Opinions expressed whether in general or in both on the performance of individual investments and in a wider economic context represent the views of the contributor at the time of preparation.
Executive summary: CRISPR allows for genes to be edited with a degree of precision, efficiency and flexibility hitherto unprecedented. Its potential is therefore revolutionary and the applications to which it can be put are nearly limitless. The technology could accelerate meaningfully the development of novel forms of cell and gene therapy, the breeding of disease-resistant crops, and the emergence of clean fuels among others. Although still nascent, by 2025 the industry could be worth at least $7.5bn. Regulatory, practical and ethical concerns will need to be addressed, but this has not stopped a plethora of VC-funding, the emergence of many (listed) start-ups and the commitment of notable sums of capital from major pharma players. Illumina, the market leader in molecular diagnostics systems and software is currently our preferred way of accessing this important future trend.
Should we bring back the woolly mammoth? What might sound like an absurd idea is now well within the realms of possibility, enabled by a development that some scientists and biotechnologists have described as the biggest advance in their field for at least fifty years. Clustered regularly interspaced short palindromic repeats (abbreviated to CRISPR and pronounced ‘crisper’) sounds quite a mouthful, but the potential is huge. Put simply, using this novel technique can make extensive gene re-arrangements possible, accelerating engineering across the board, from microbes and plants to humans and animals. CRISPR is less about the science fiction of bringing back mammoths or giving pigs wings; rather, it is about making better models for understanding (and hence treating) diseases, improving chemicals for industrial production and doing basic research on what genes do.

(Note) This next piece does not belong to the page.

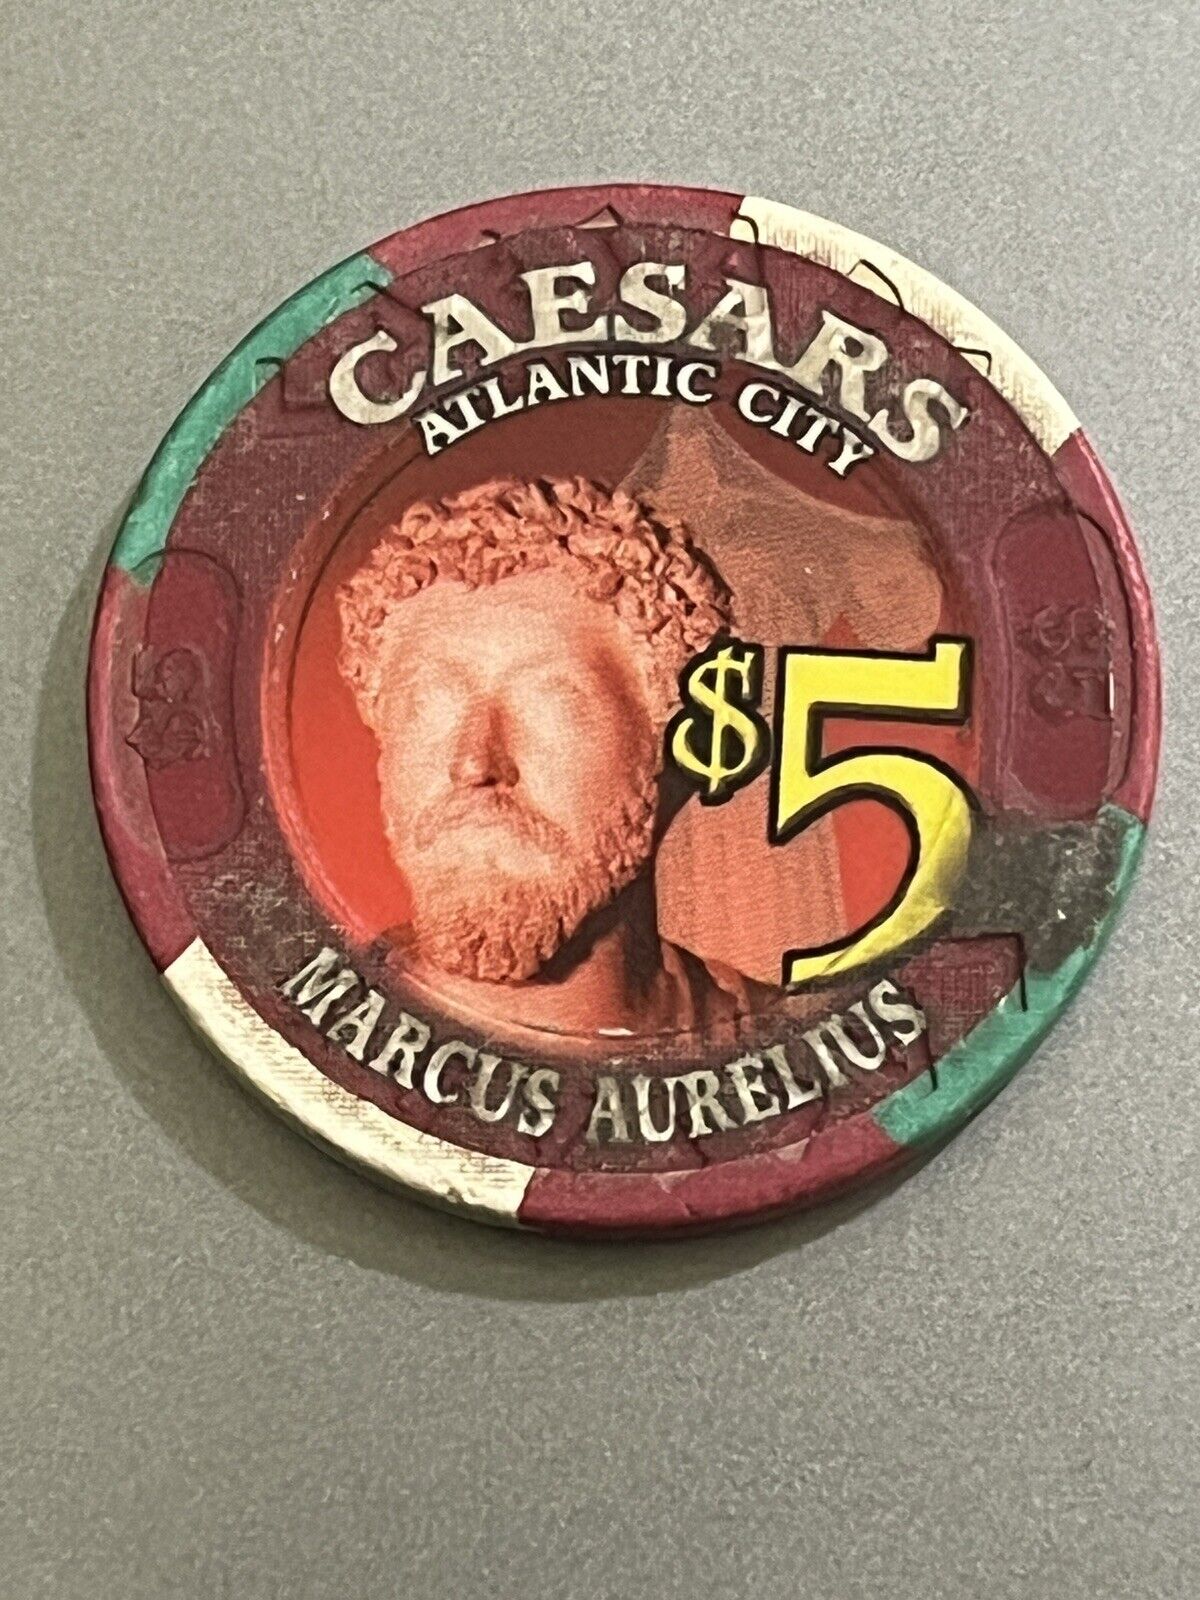 Caesars Atlantic City NJ $5 Five Casino Chip Roman Emperor Marcus Aurelius Vtg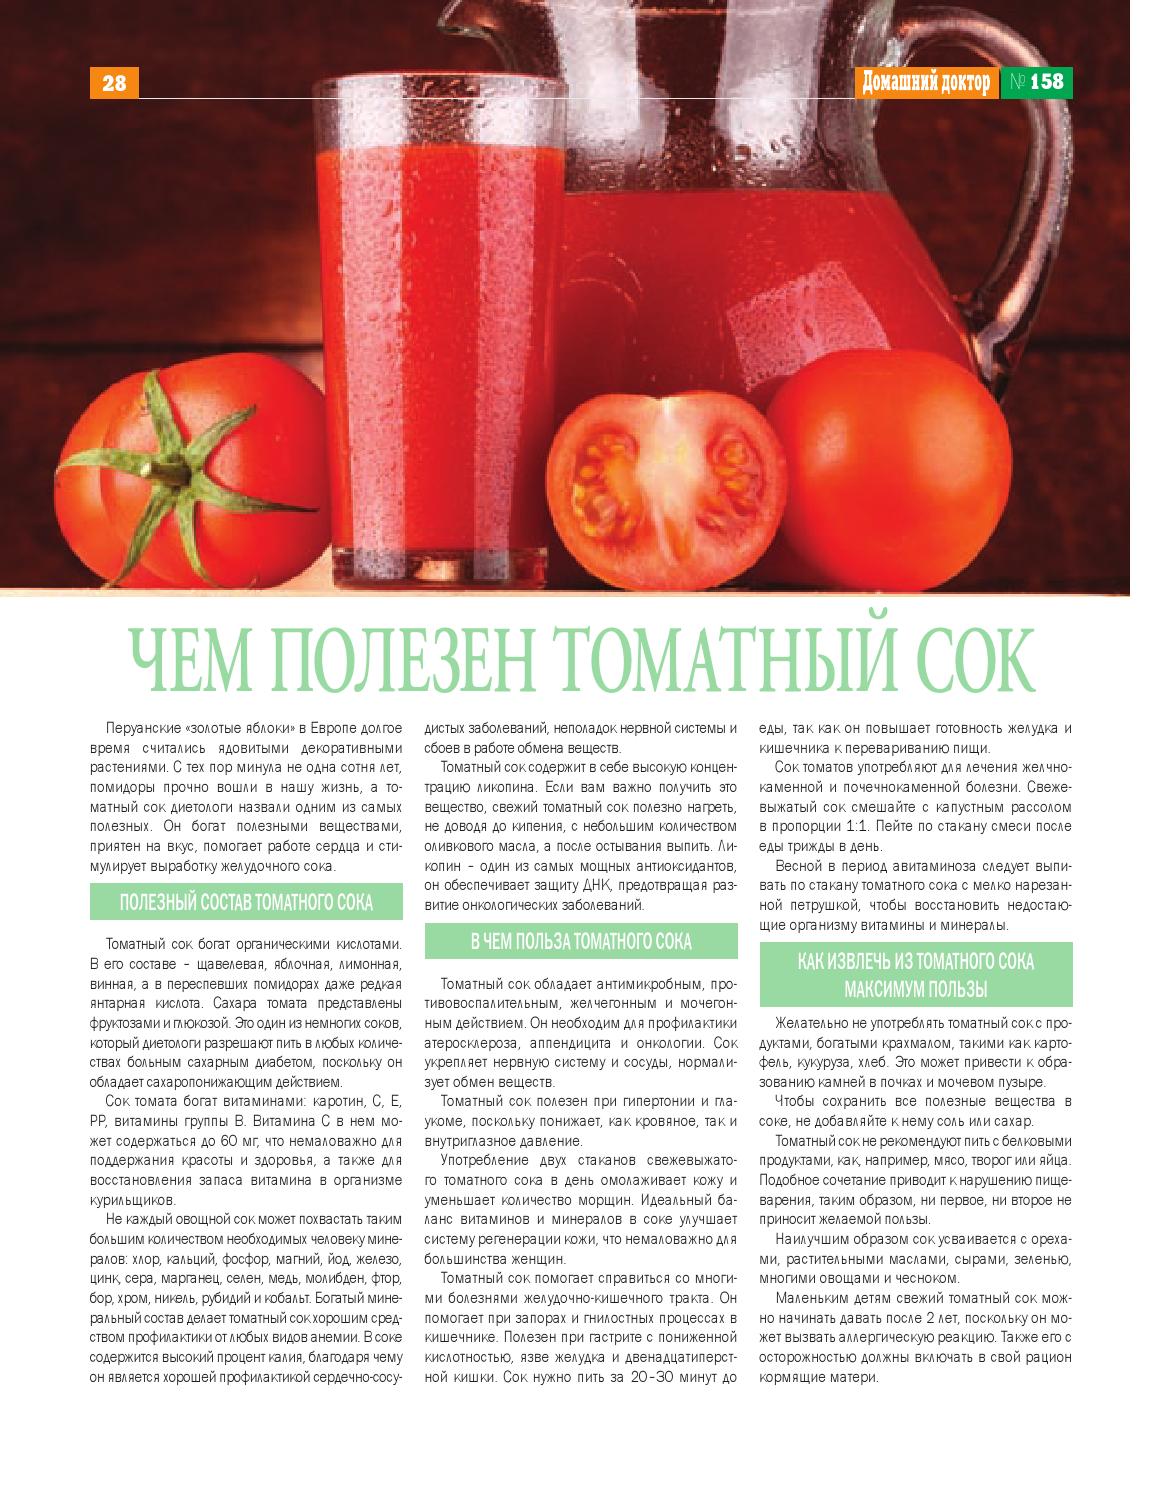 В чем польза и вред свежих томатов и всех его производных при беременности: можно ли пить сок, кушать соленые и бочковые томаты

By way of background, DNA lies at the root of each of us. It is best thought of as constituting the ‘instruction manual’ for all living cells. A complete set of DNA for any organism is referred to as its genome. The human genome comprises 23 paired chromosomes (organised structures of DNA found in cells) with six billion items of code, three billion inherited from each parent. Everyone has a unique set of DNA, which differs in countless ways from others, the diversity being a function of ‘errors’ arising and accumulating when the code is passed from one generation to another via reproduction. In humans, genetic variation accounts for many of the physical differences we see (such as height, hair colour etc.), but more importantly, mutations in genes can cause various kinds of serious disease. Discrepancies can also impact an individual’s response to certain drug treatments.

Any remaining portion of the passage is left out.